Complete step by step answer:
The given expression in the question is \[{i^{14}}\] .
We can re-write the power of \[i\] in following way:
\[{i^{14}} = {\left( {{i^2}} \right)^7}...............(1)\]
Now, we know that \[i = \sqrt { - 1} \] .
So, if we squared both the terms in \[i = \sqrt { - 1} \] , we get:
\[{i^2} = - 1\] .
So, we can re-write the equation \[(1)\] as following:
\[{i^{14}} = {\left( { - 1} \right)^7}\] .
Now, if we multiply \[ - 1\] even number of times it will give us \[1\] but if we multiply \[ - 1\] odd numbers of times it will give us \[ - 1\] .
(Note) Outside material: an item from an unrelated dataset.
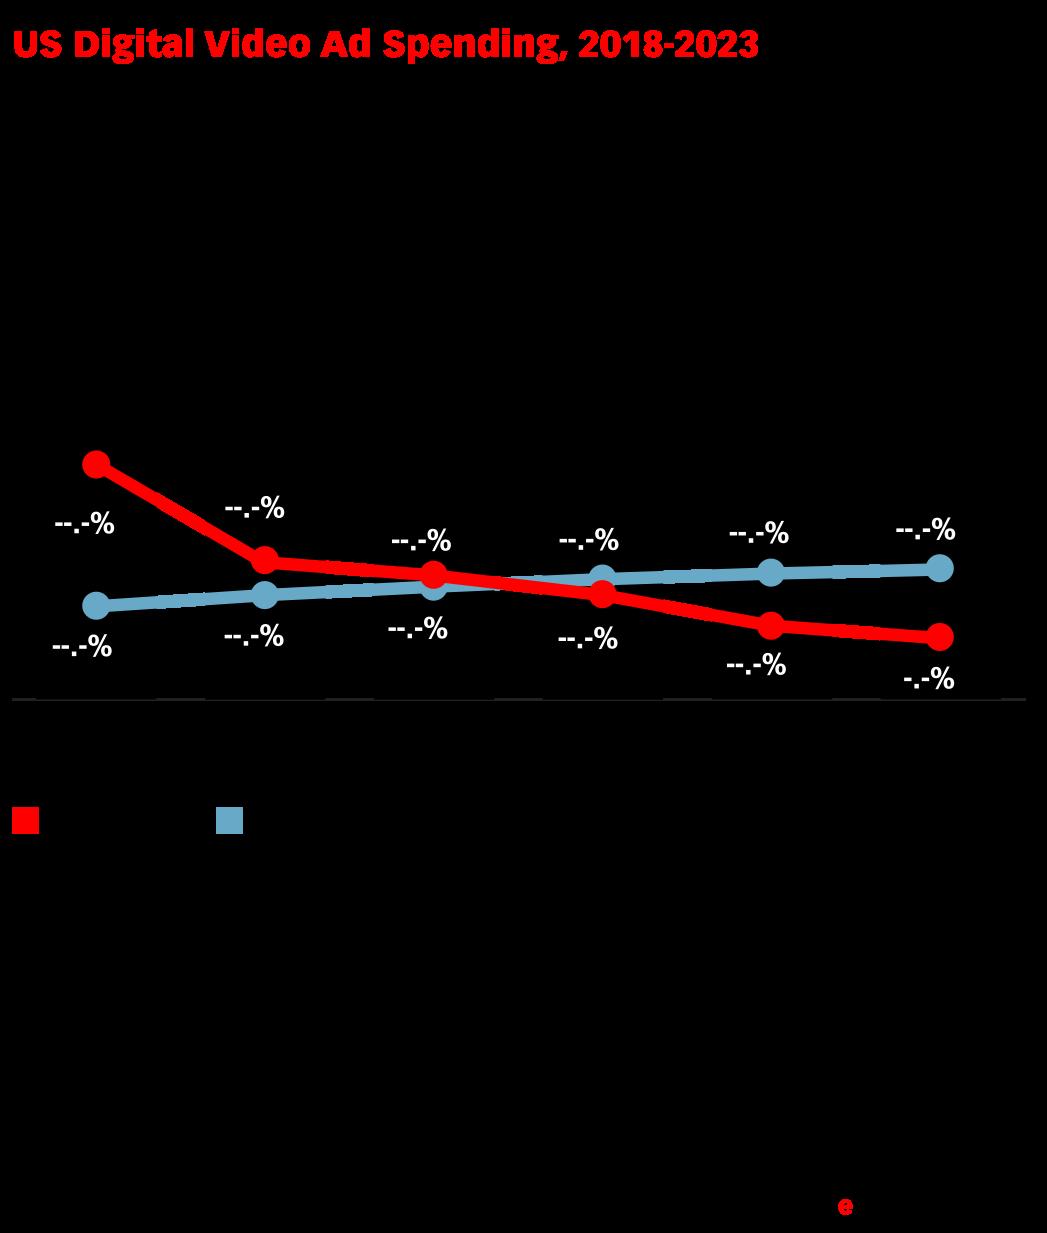 US Digital Video Ad Spending, 2018-2023 (billions, % change and % of total media ad spending)

Here, the power of \[ - 1\] is \[7\] , which is an odd number.
Therefore,
\[{i^{14}} = {\left( { - 1} \right)^7} = - 1\] .

The value of \[{i^{14}} = - 1\] .

Note: Points to remember:
A complex number is expressed as following:
 \[X + i.Y\] , where \[X\] and \[Y\] are real numbers but the imaginary part of the number is \[i\] .
A complex number lies on the imaginary axis in \[X - Y\] plane.